Rund um diesen Raum ist die eigentliche Dokumentationsstätte angesiedelt: In insgesamt 18 Etappen wird dem Besucher die Geschichte des Siegesdenkmals vermittelt. Anders als befürchtet wird sehr wohl auch auf die Abtrennung des südlichen Tirols von Österreich, auf die Entnationalisierungspolitik, auf die Katakombenschulen oder auf die Übersetzung von Orts- und Personennamen während des Faschismus hingewiesen. Damit ergibt sich ein recht vollständiges Gesamtbild, das dem Bildungsauftrag gerecht wird. Auffallend sparsam jedoch wird in den Texten mit Bewertungen und Verurteilungen umgegangen, was es trotz allem ermöglicht hat, dass selbst die neofaschistische CasaPound die Objektivität der Darstellungen gelobt hat. Etwas mehr Mut hätte man sich von der Historikerkommission eigentlich erwarten dürfen.
Störend sind hingegen vor allem Details, wie die Tatsache, dass die Titel nur in englischer Sprache groß hervorgehoben sind, wo es sich doch um einen Parcours handelt, der den Einheimischen einen neuen Zugang zur eigenen Geschichte verschaffen soll. Demzufolge scheint auch die Sprachreihung Englisch – Italienisch – Deutsch unangemessen, wobei dadurch der deutsche Titel in einigen Räumen so weit nach unten rutschte, dass er von den Exponaten verdeckt wird. Unbedingt hätte auch die ladinische Sprache berücksichtigt werden müssen, was leider ausgeblieben ist. Und dass im Englischen fast ausschließlich die Ortsnamen von Tolomei zum Handkuss kommen, ist an diesem Ort eine Geschmacklosigkeit.
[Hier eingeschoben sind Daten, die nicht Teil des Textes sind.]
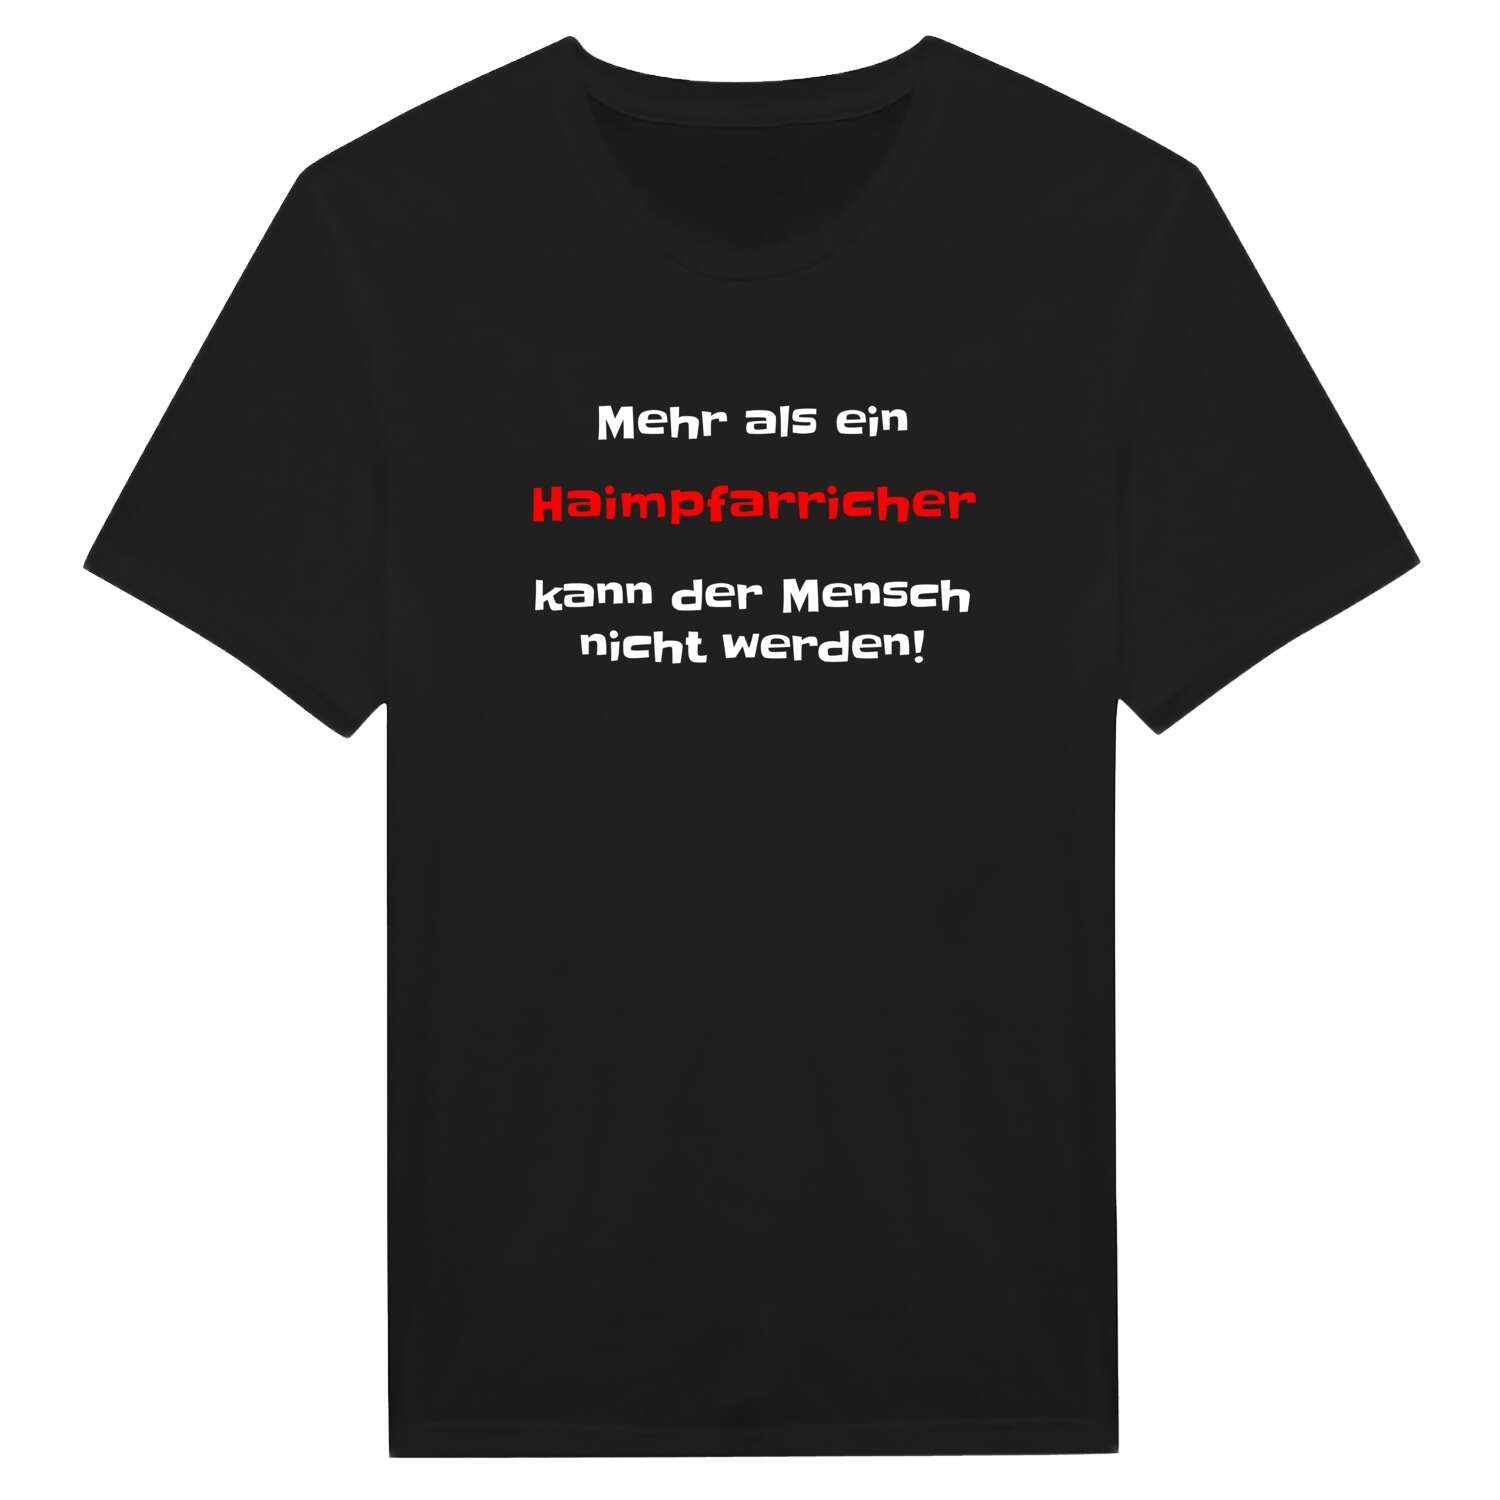 Haimpfarrich T-Shirt »Mehr als ein«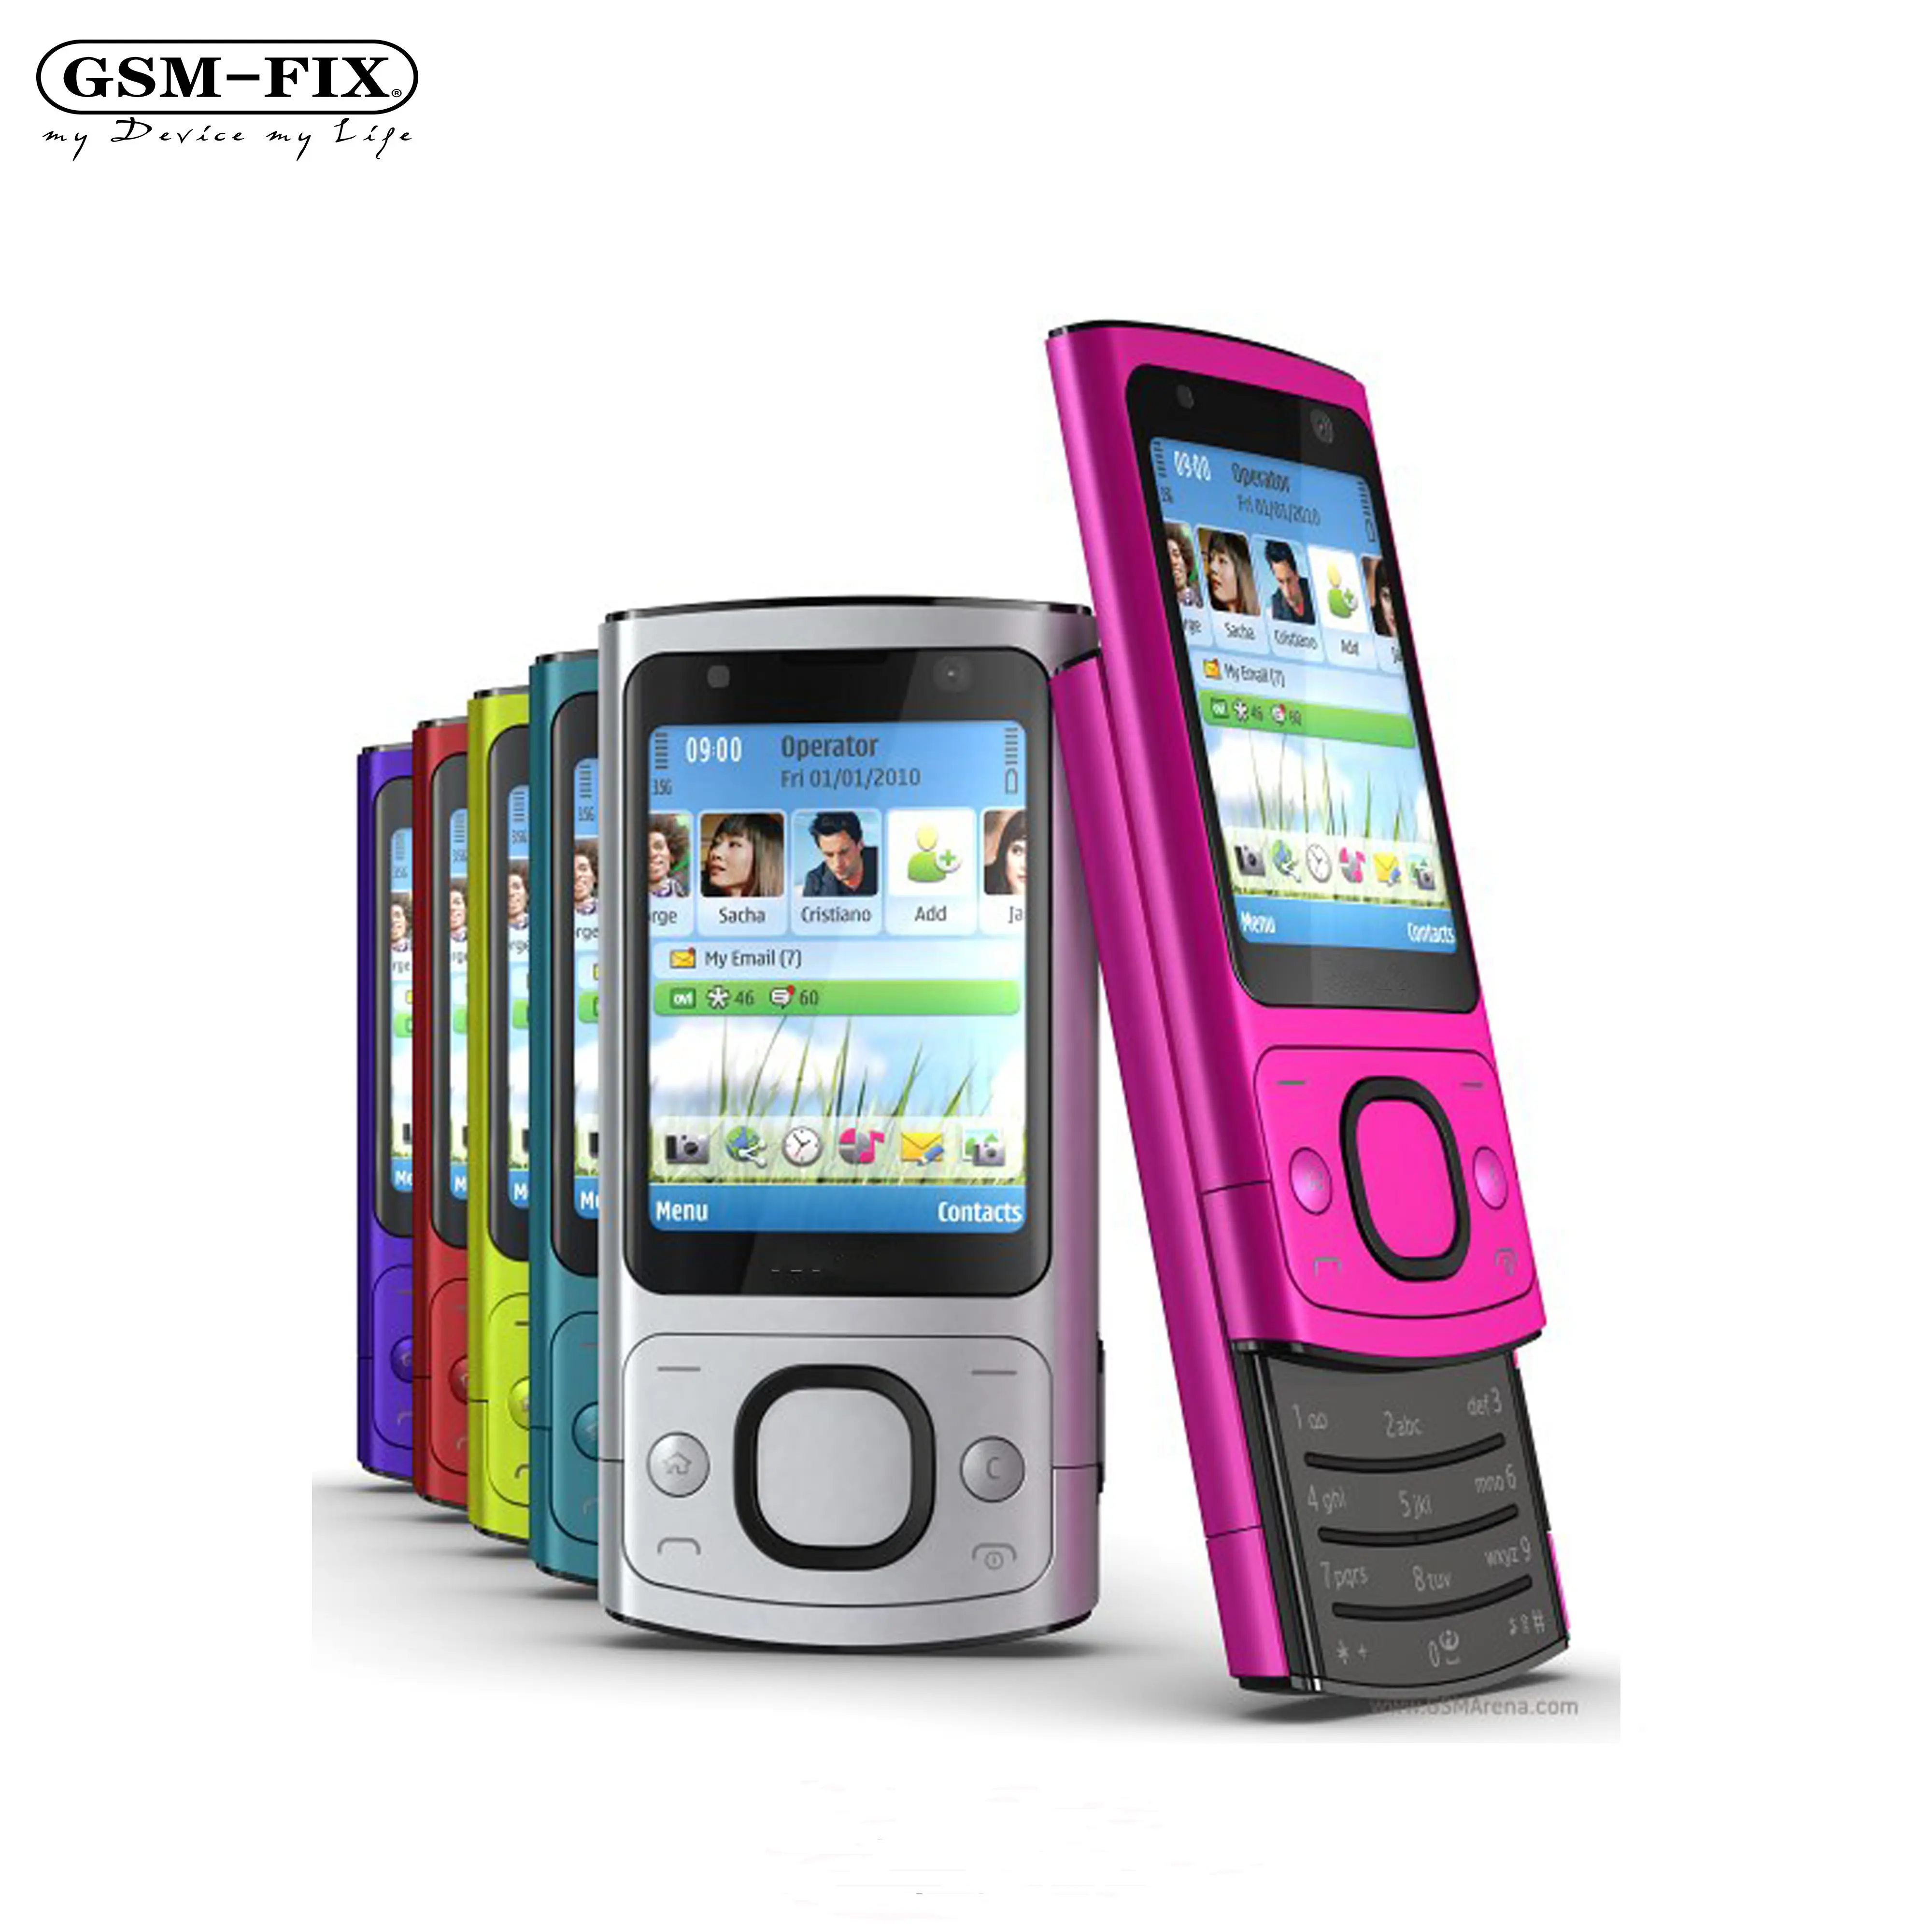 GSM-FIX Original 6700 s Para NOKIA Mobile Phone Câmera 5.0MP Bluetooth Java Desbloqueado 6700 slide Telefone

Trotzdem: Bei aller Kritik und Irritation en detail muss das Gesamturteil über die Dokumentationsausstellung, die übrigens auch handwerklich gut umgesetzt wurde, absolut positiv ausfallen. Sie stellt für Südtirol (und speziell für die Landeshauptstadt) einen echten Paradigmenwechsel dar: Wenn sie nicht als Endstation, sondern als Anstoß für einen Prozess verstanden wird — und das soll nach Auskunft der maßgeblich daran beteiligten so sein — kann man ihre Eröffnung nur begrüßen.
Während der Keller also insgesamt einen unerwartet guten Eindruck hinterlässt, stellt das Denkmal als solches eine (ebenfalls unerwartet) große Herausforderung dar, für die in Zukunft wohl noch eine Lösung gefunden werden muss. Sowohl die sogenannte Krypta mit den effektvollen Überlagerungen, als auch der geplante Eingriff am Mussolinidenkmal des Finanzgebäudes könnten wohl gute Ideengeber sein.